Everyday, 10 or so emails from colleges flood my inbox, some from well-known colleges, others from schools I learned about from said emails. The neat-freak part of myself itches to delete all these emails and clean out my otherwise organized inbox, but I somehow felt like saving these emails would prove worthwhile in the long run. This daily dilemma prompted me to research more about the topic and get to the bottom of this debate.
In the early 1970s, College Board and universities came together to target their primary audience: U.S. teenagers. College Board, who runs standardized testing throughout the country, sends colleges information students provided when filling out their testing forms. Today, when filling out the forms, students have the option to allow colleges to send them information.
A simple “equation” plays a major role in determining who colleges want to send emails to. More marketing means more applications, which leads to a decreased acceptance rate, thus improving “selectivity” rankings. Additionally, colleges looking for more diversity among their student body can look to College Board test forms, where students include information such as race.
While some may feel a bit flattered to have received an email from a college or two, the unfortunate truth is that colleges send out blast emails on a list with possibly many thousands of students on it.

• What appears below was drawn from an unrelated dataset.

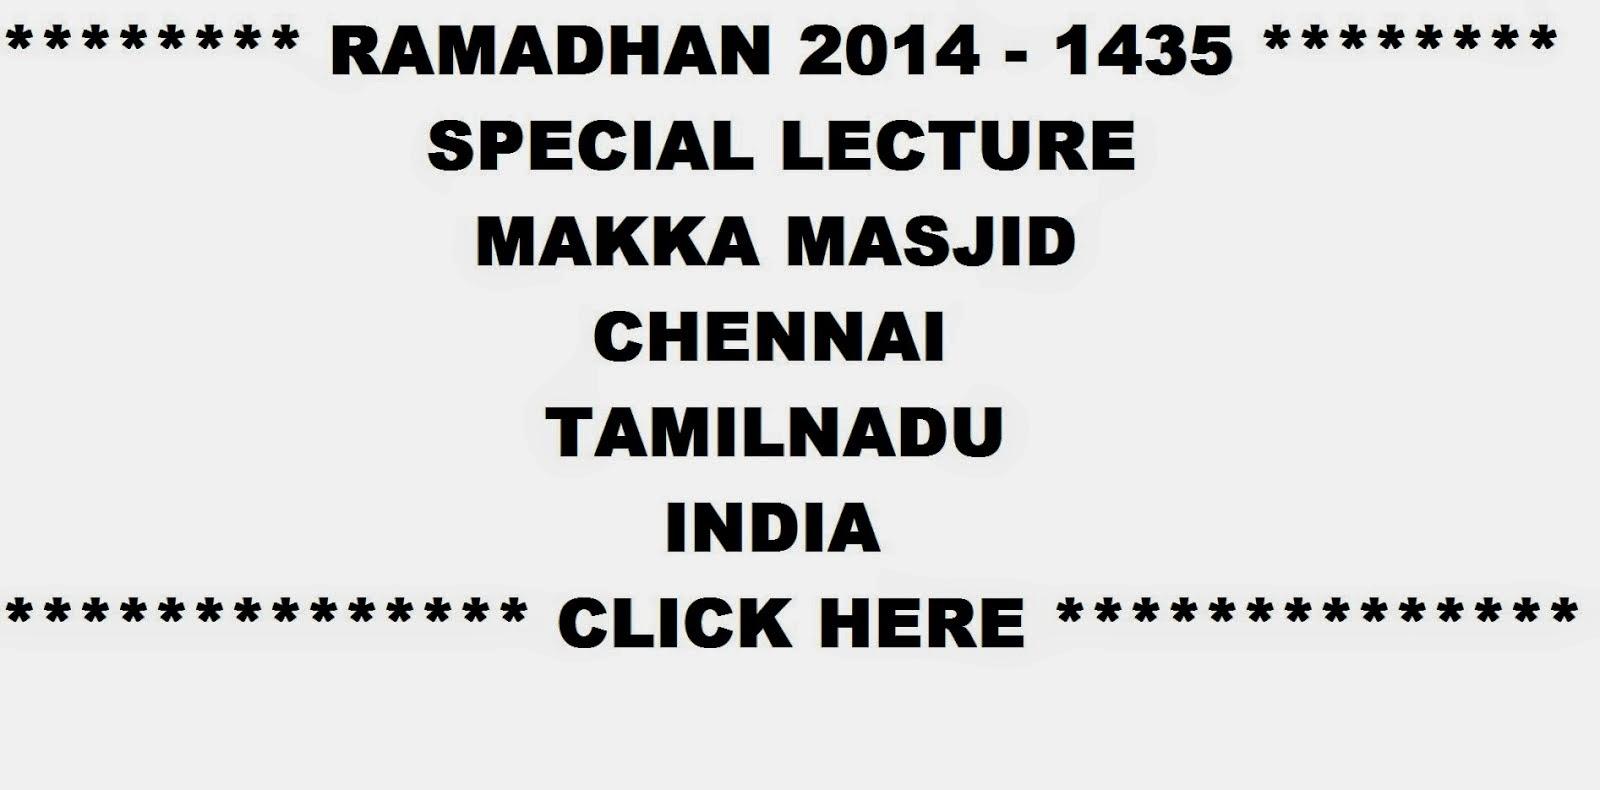 Ramadhan 2014/1435

Because colleges target a certain demographic, the selection process varies. Emails aren’t indicative of a college’s interest in a certain individual, but rather his or her statistics. This results in colleges sending a seemingly endless stream of emails to students.
According to college counselor Mr. Erik McLeod, the best remedy to this concern is actually a simple one. “I believe that the best way to tackle this problem is to first create an email folder just for college emails,” Mr. McLeod said. “Each day, you can dump them into the folder just to get them out of your inbox.”
Taking this advice, I saw an immediate improvement in my mailbox (my neat-freak self instantly felt relieved to see the 500 emails in my inbox dwindle to 50). However, now that I had 450 emails in my folder, the next step including sorting out junk emails from ones with a bit of interesting information.
“I would go through the new folder, say on a Sunday, and at least open each email for a quick review. If the email is from a college whose name you recognize, or if it’s a college you know you are already interested in, spend some time reading it,” Mr. McLeod said. “For colleges you’ve never heard of, open and review them; you can keep an ongoing list of these and then self schedule a meeting with your college advisor to review them. Once emails are read, you can then safely trash them.”
Often times, colleges will send out emails with similar content. “It is not necessary to open and read these duplicate emails, as your life would then be completely taken over by college emails,” Mr. McLeod said.
Mr. McLeod also noted that the emails colleges send out may include information other than that pertaining to admissions. “Colleges will not send out junk mail, but sometimes scholarship organizations or summer programs will send out what I call ‘scam mail,’ like programs that will charge students money but that are essentially worthless,” Mr. McLeod said. “If you are ever unsure if an email is a scam, contact your college advisor.”
Another question regarding college emails arises in the case of demonstrated interest. Some colleges, such as Boston University, take into consideration the effort students put into connecting with the school before applying.
“Some colleges track who opens their emails, and if you apply to those colleges, they will take your email interest into account,” Mr. McLeod said.
Overall, while colleges may flood students’ inboxes with seemingly pointless emails, students should spend the small amount of time it takes to go over them. As Mr. McLeod said, if a student ever has a question regarding of the hundreds of college emails they may receive, they can always contact their college counselor for more guidance and reassurance.